Joseph Owona

No. 14 – JSA Bordeaux Basket
- Position: Center
- League: Turkish Basketball League

Personal information
- Born: 26 August 1976 (age 50) Yaounde, Cameroon
- Listed height: 6 ft 9 in (2.06 m)
- Listed weight: 253 lb (115 kg)

Career information
- Playing career: 2002–present

Career history
- 2000–2003: Mérignac
- 2003–2006: Bordeaux
- 2006–2007: Nantes
- 2007–2010: Bordeaux
- 2013–present: Bordeaux

= Joseph Owona =

Cameroonian basketball player

Joseph Owona (born 26 August 1976) is a Cameroonian professional basketball player for JSA Bordeaux Basket.

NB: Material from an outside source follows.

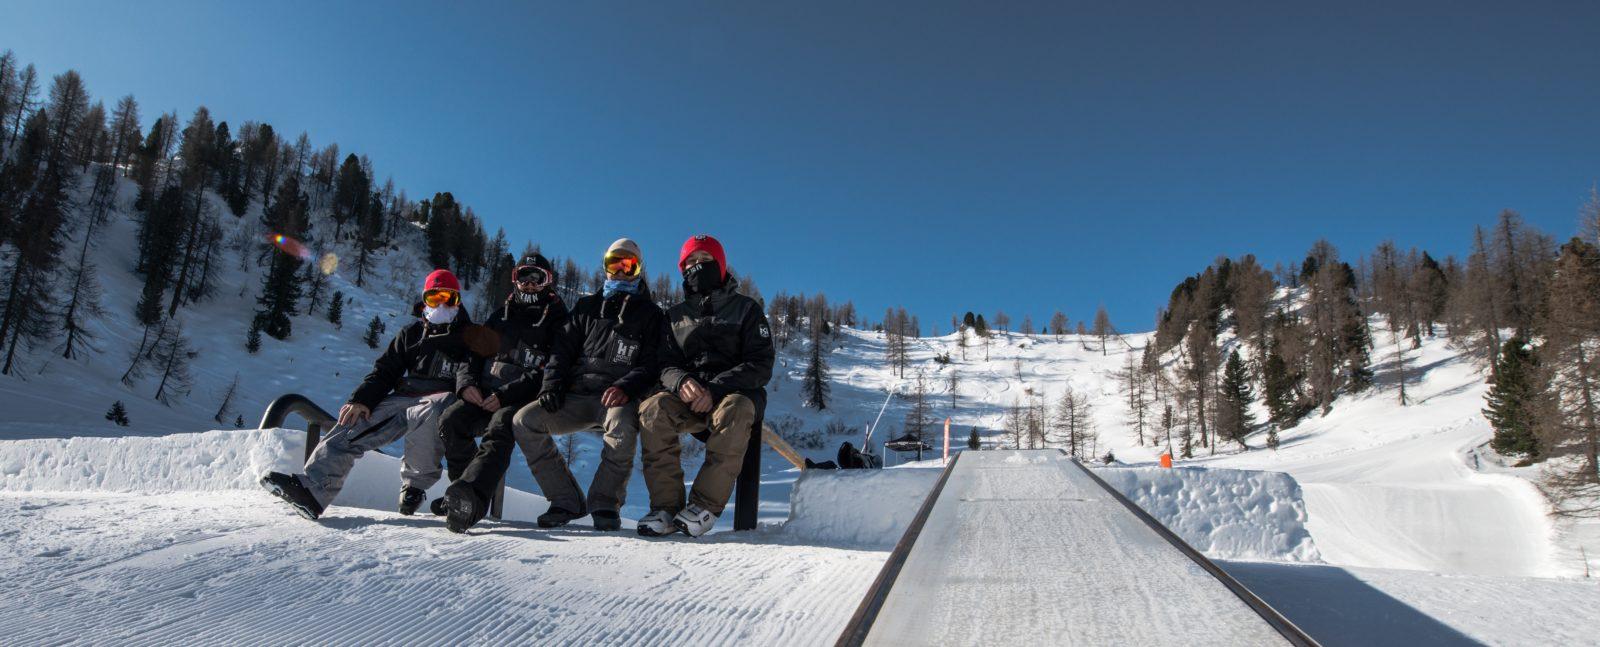 hot-ice-snowboard_1-copia

He is most noted for being a physician and sport medicine specialist, graduated while still playing basketball. He has helped his national team winning the silver medal at the FIBA Africa Championship 2007, averaging 6.3 rebounds per game. Owona also represented Cameroon at the 2011 Afrobasket, with a seventh-place finish. He was most valuable player in 2006 of the Quai 54 tournament in Paris with team Zikfi. Generally playing center, he was a solid rebounder and defender, several times best shot blocker of the league. Owona was known as "Big Ben" or "DocBen" through his years with his club, returning to Bordeaux shortly after his retirement. He is now a physician in SOS Medecins Bordeaux and Aldo sport physician for French under 18 national team.